Endogenous Discounting and Economic Dynamics (with Kirill Borissov, Stefano Bosi, Van-Quy Nguyen and Mikhail Pakhnin)
We study a discrete-time optimal growth model with endogenous discounting. The discount factor may depend on both consumption and the capital stock, and intertemporal utility is modeled as a discounted sum of instantaneous utilities, with the sum of discount factors equal to one. We show that this specification preserves the invariance of optimal paths and steady states to affine transformations of the instantaneous utility function, providing a general and flexible framework for analyzing economic dynamics under endogenous time preference. We prove that optimal capital paths are monotonic, and steady states depend on initial conditions.
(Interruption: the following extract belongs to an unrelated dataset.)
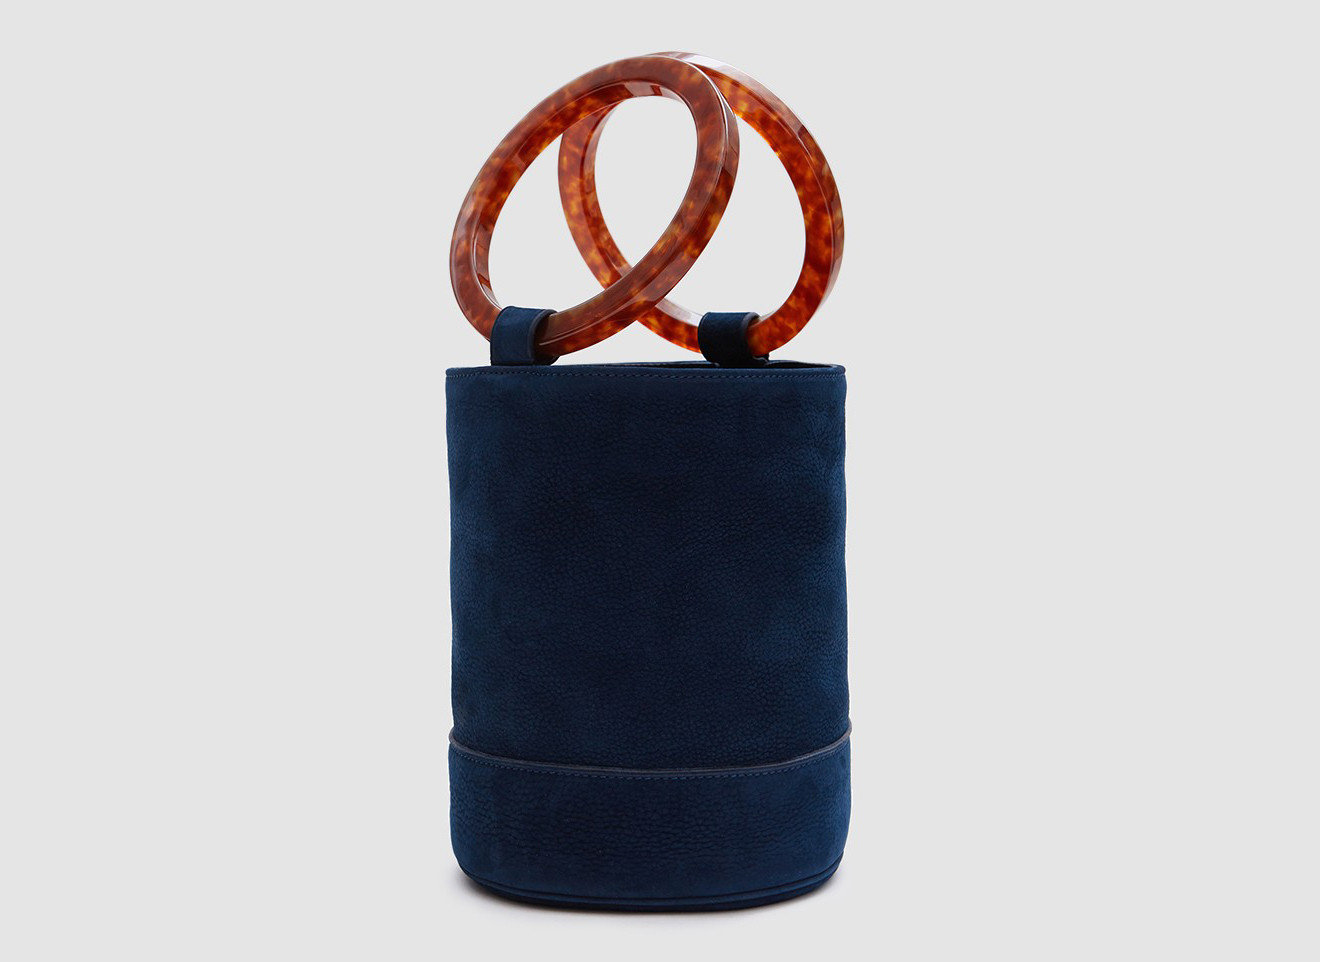 Style + Design Travel Shop cobalt blue electric blue product product design bag accessory

We also show the robustness of poverty traps under endogenous discounting: in several examples, for a set of parameters with positive measure, the optimal path converges to a positive steady state only if the initial capital stock exceeds a critical level and otherwise converges to the origin.
Poverty traps under endogenous discounting (with Stefano Bosi)
We consider a general Ramsey model with endogenous discounting, depending on current consumption or future capital, study the monotonicity properties of the optimal path, and provide a new narrative for the existence of a poverty trap, alternative to the literature on convex-concave production functions. We prove the continuity and differentiability properties of the value function, as well as the monotonicity of the policy correspondence, which in turn entails the strict monotonicity of the optimal path. Importantly, the existence of a poverty trap relies on the existence of a critical level of capital such that, if the initial condition is lower, the optimal path converges to the origin, while, if it is higher, this path converges to a positive steady state. Since it is impossible to compute this critical level under endogenous discounting when the discount factor is a general function of current consumption or future capital, in both these cases, we complement the theoretical analysis with robust corresponding examples and, showing that a poverty trap exists for a nonzero-measure set of parameter values, we demonstrate that the poverty trap is a pervasive feature under endogenous discounting.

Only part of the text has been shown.